Information supplied ::
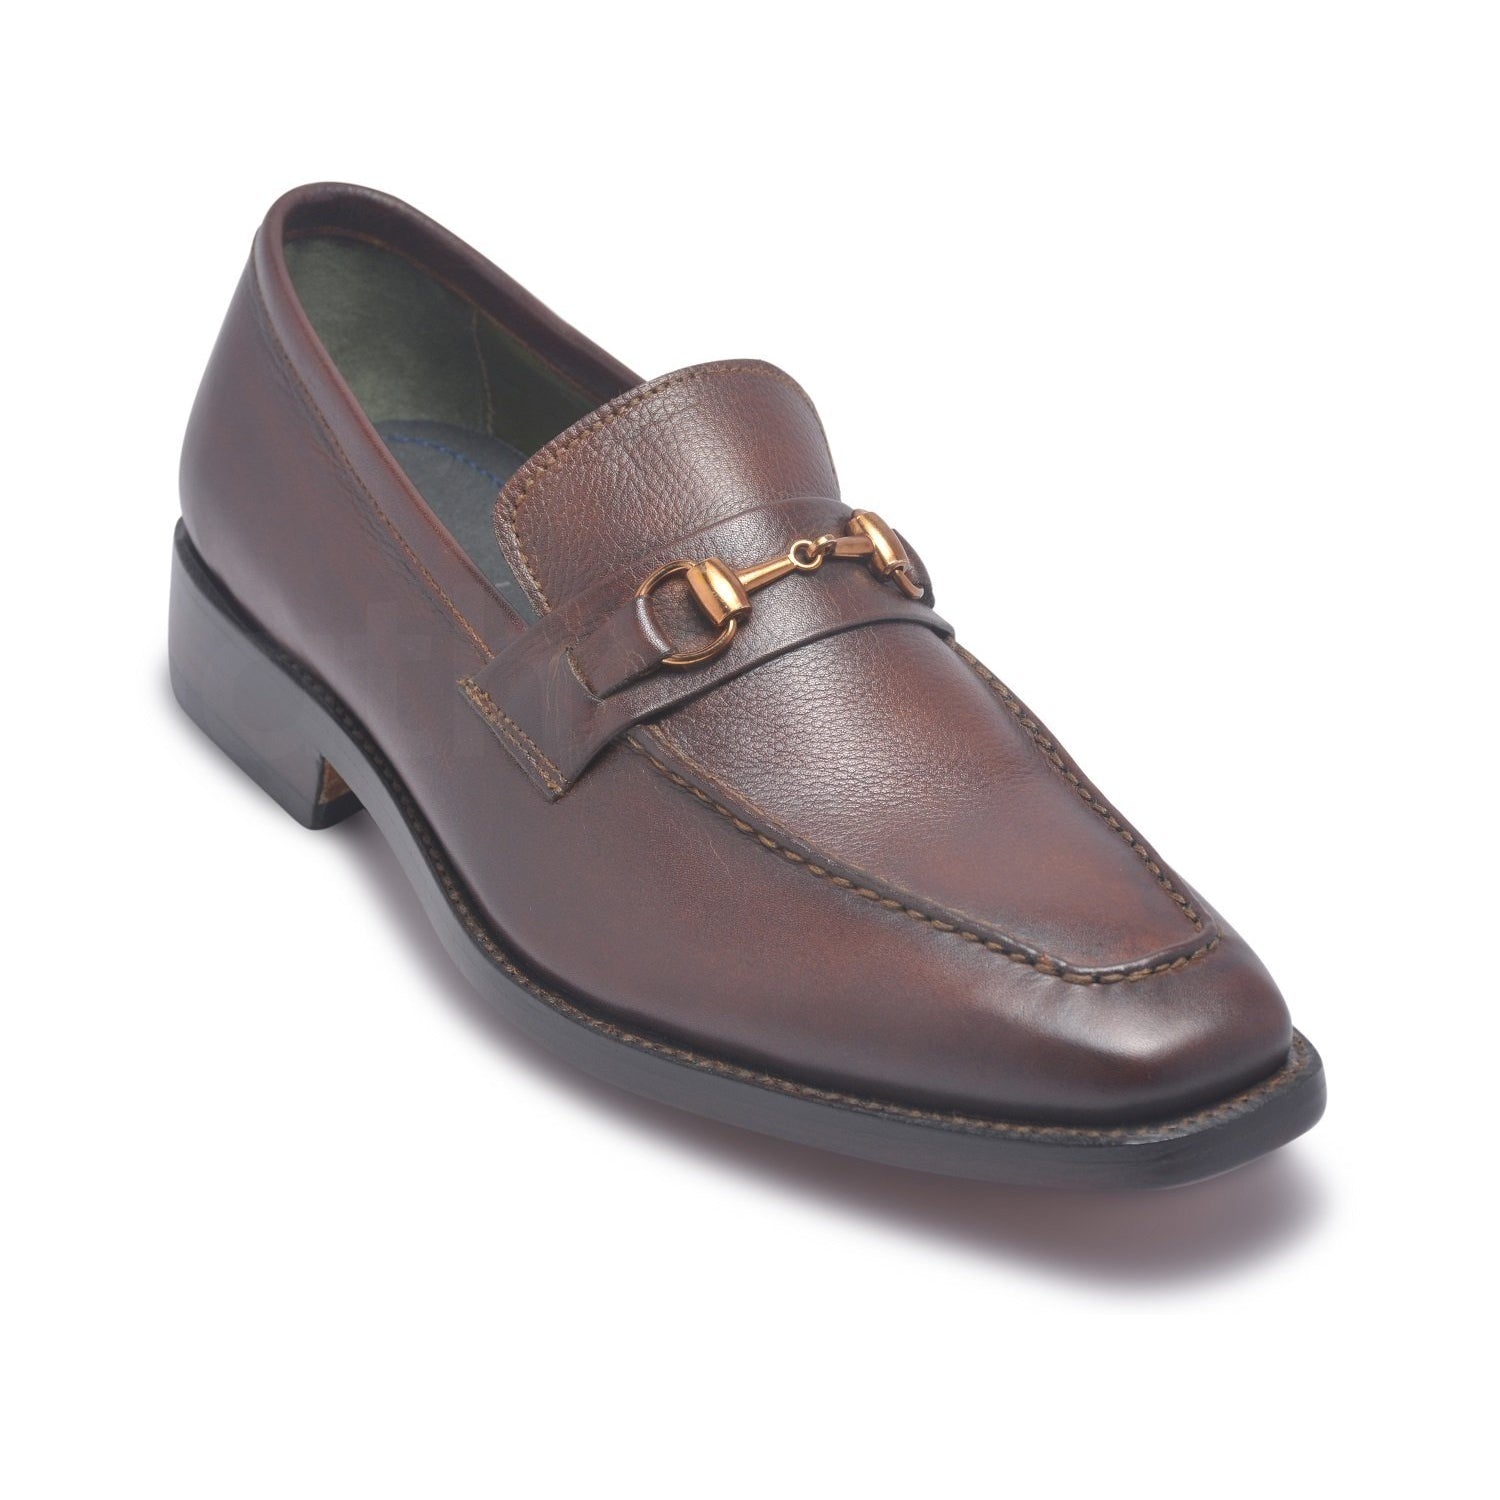 mens Bit Loafer leather shoes brown
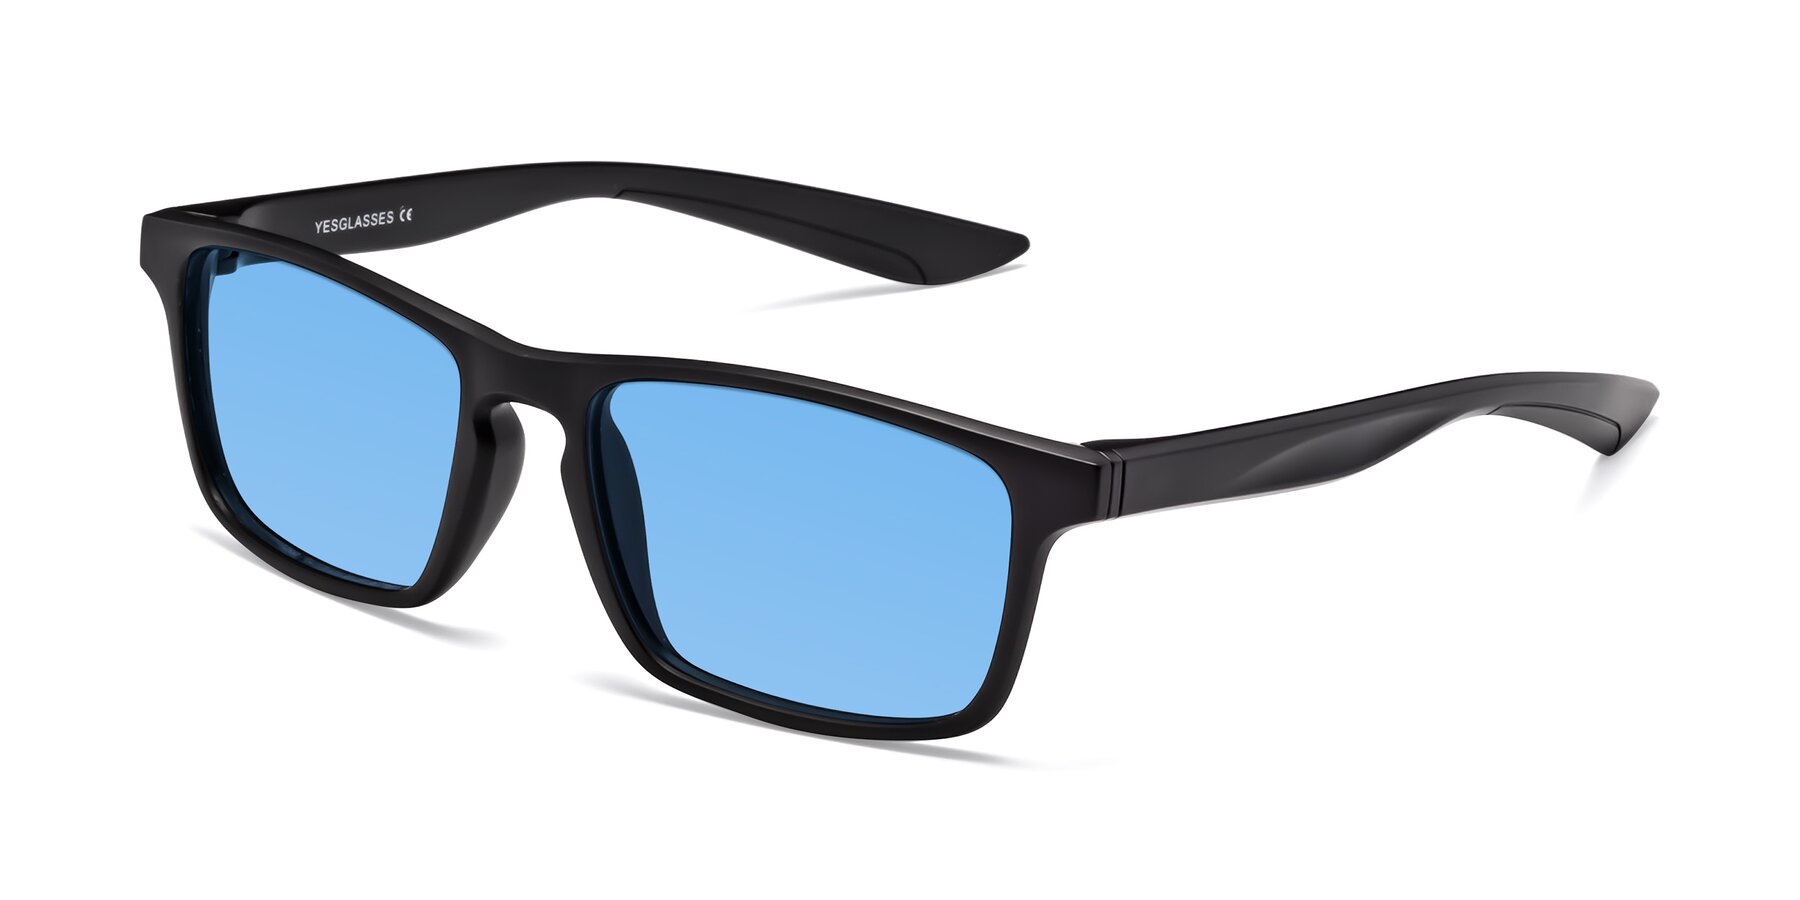 Angle of Passion in Matte Black with Medium Blue Tinted Lenses
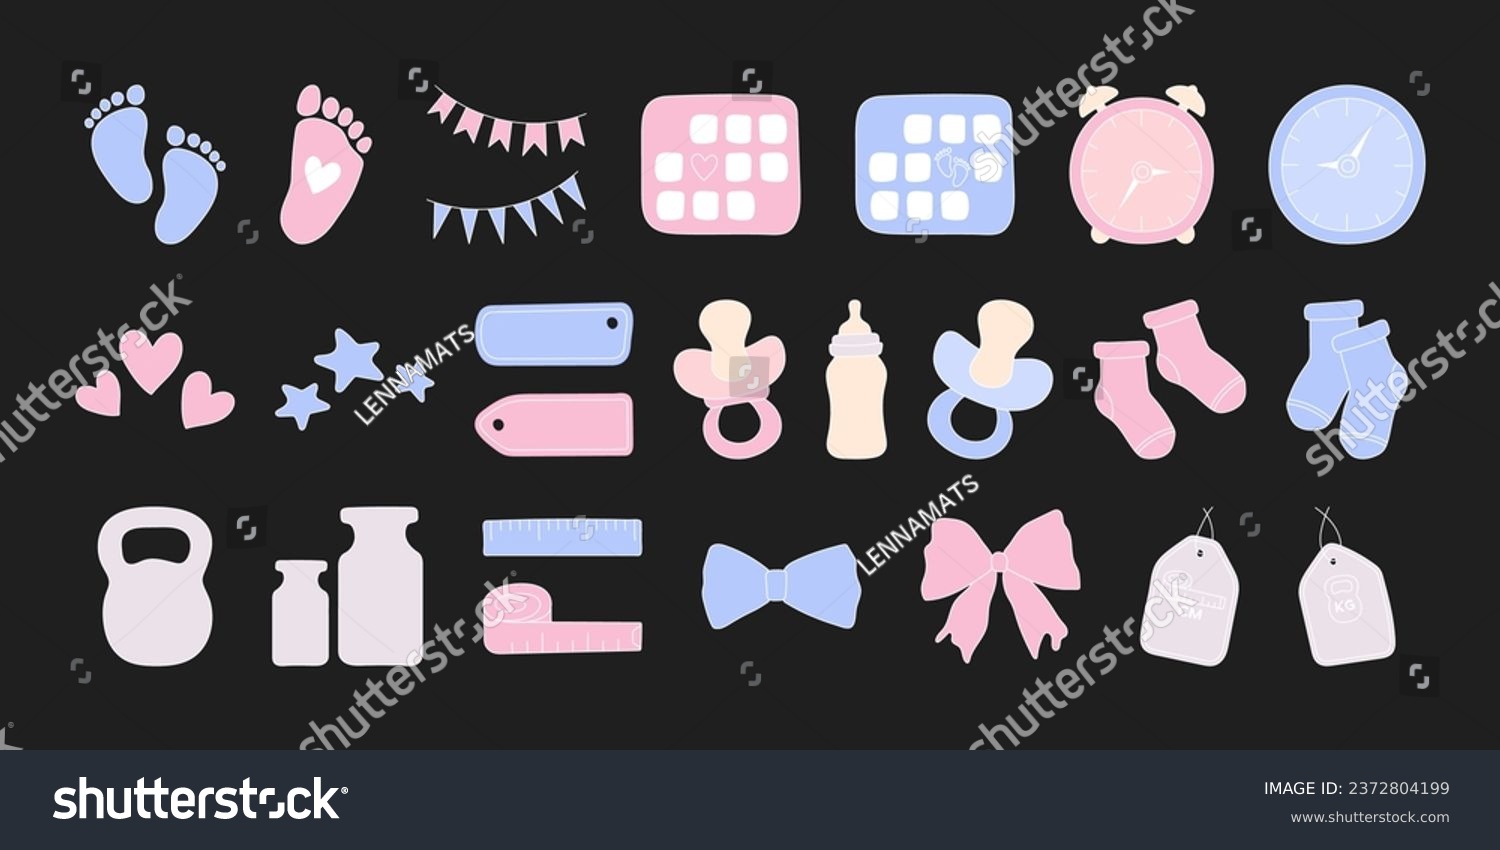 SVG of Set newborn hand drawn elements. Gender party vector icons. Birth stats colorful illustrations. Age, height, weight data and cute baby accessories. Set baby metric colored doodles. Birth announcement. svg
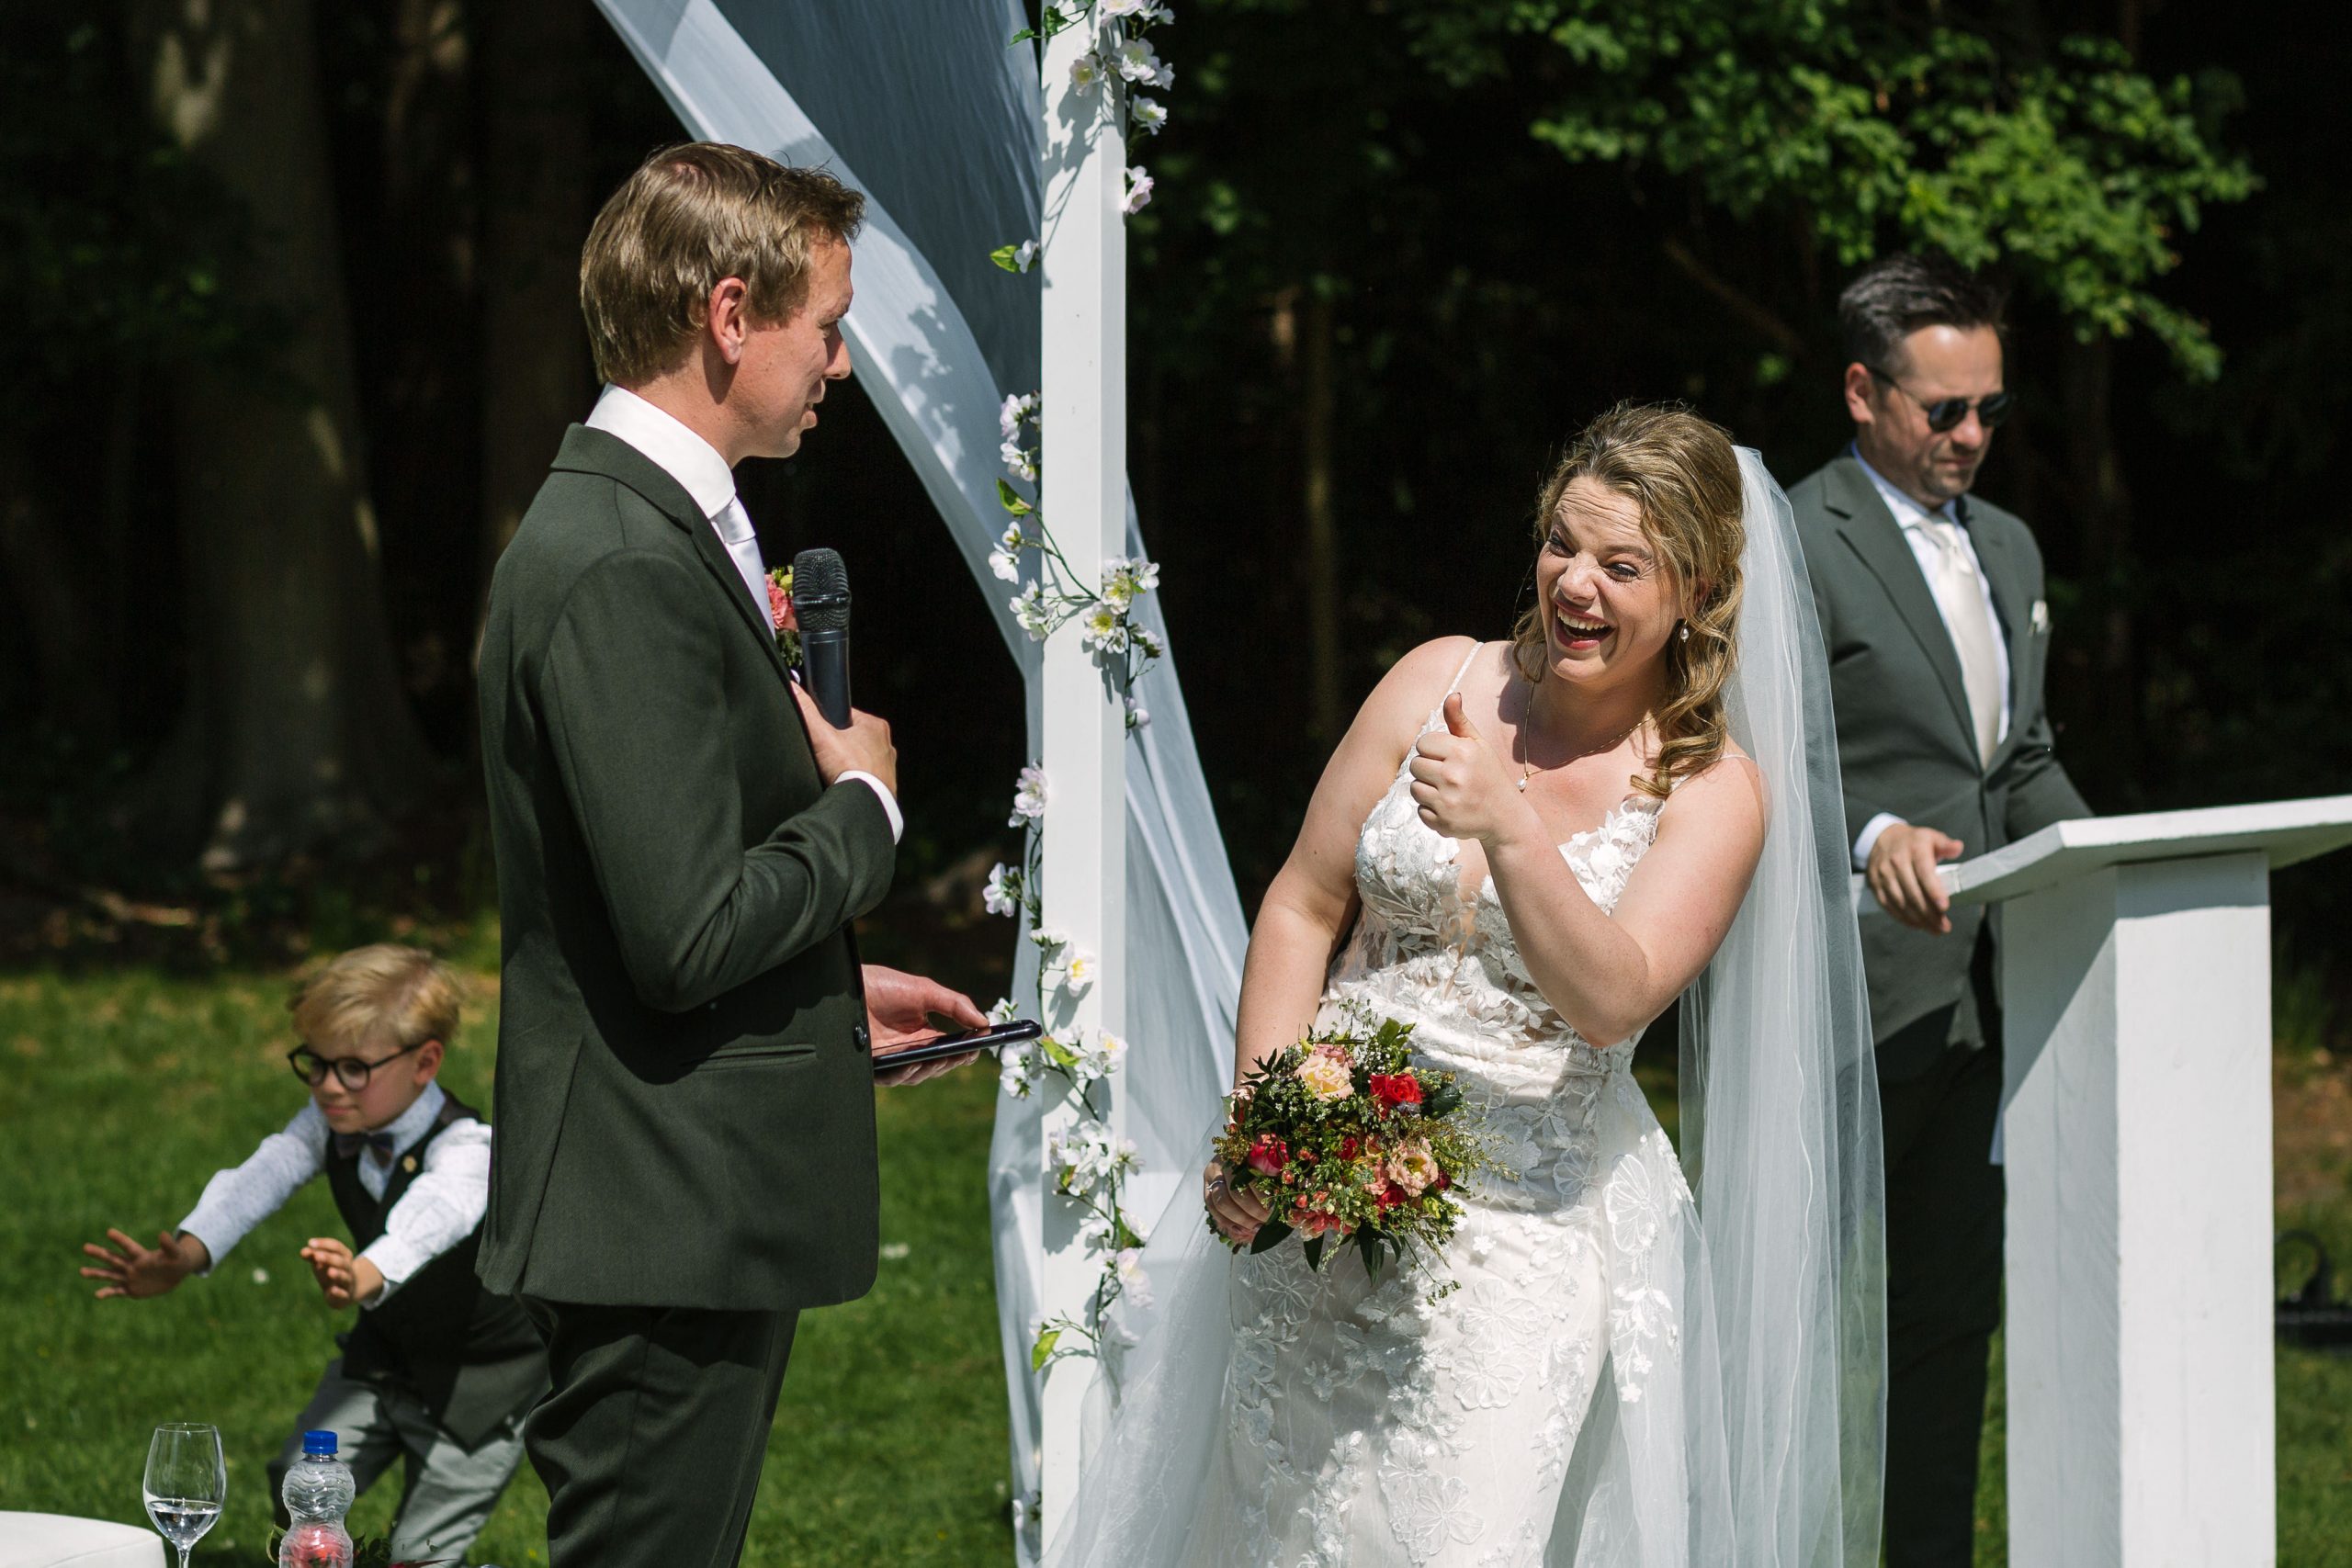 bride giving the thumbs up during the outdoor wedding ceremony natural unposed candid wedding photography by LGBTQ_friendly documentary wedding photographer surrey sussex

Problem requirements ::
Transcribe the data exactly, minus any images.

Output of the task ::
 mens Bit Loafer leather shoes brown
 Angle of Passion in Matte Black with Medium Blue Tinted Lenses
 SVG of Set newborn hand drawn elements. Gender party vector icons. Birth stats colorful illustrations. Age, height, weight data and cute baby accessories. Set baby metric colored doodles. Birth announcement. svg
 bride giving the thumbs up during the outdoor wedding ceremony natural unposed candid wedding photography by LGBTQ_friendly documentary wedding photographer surrey sussex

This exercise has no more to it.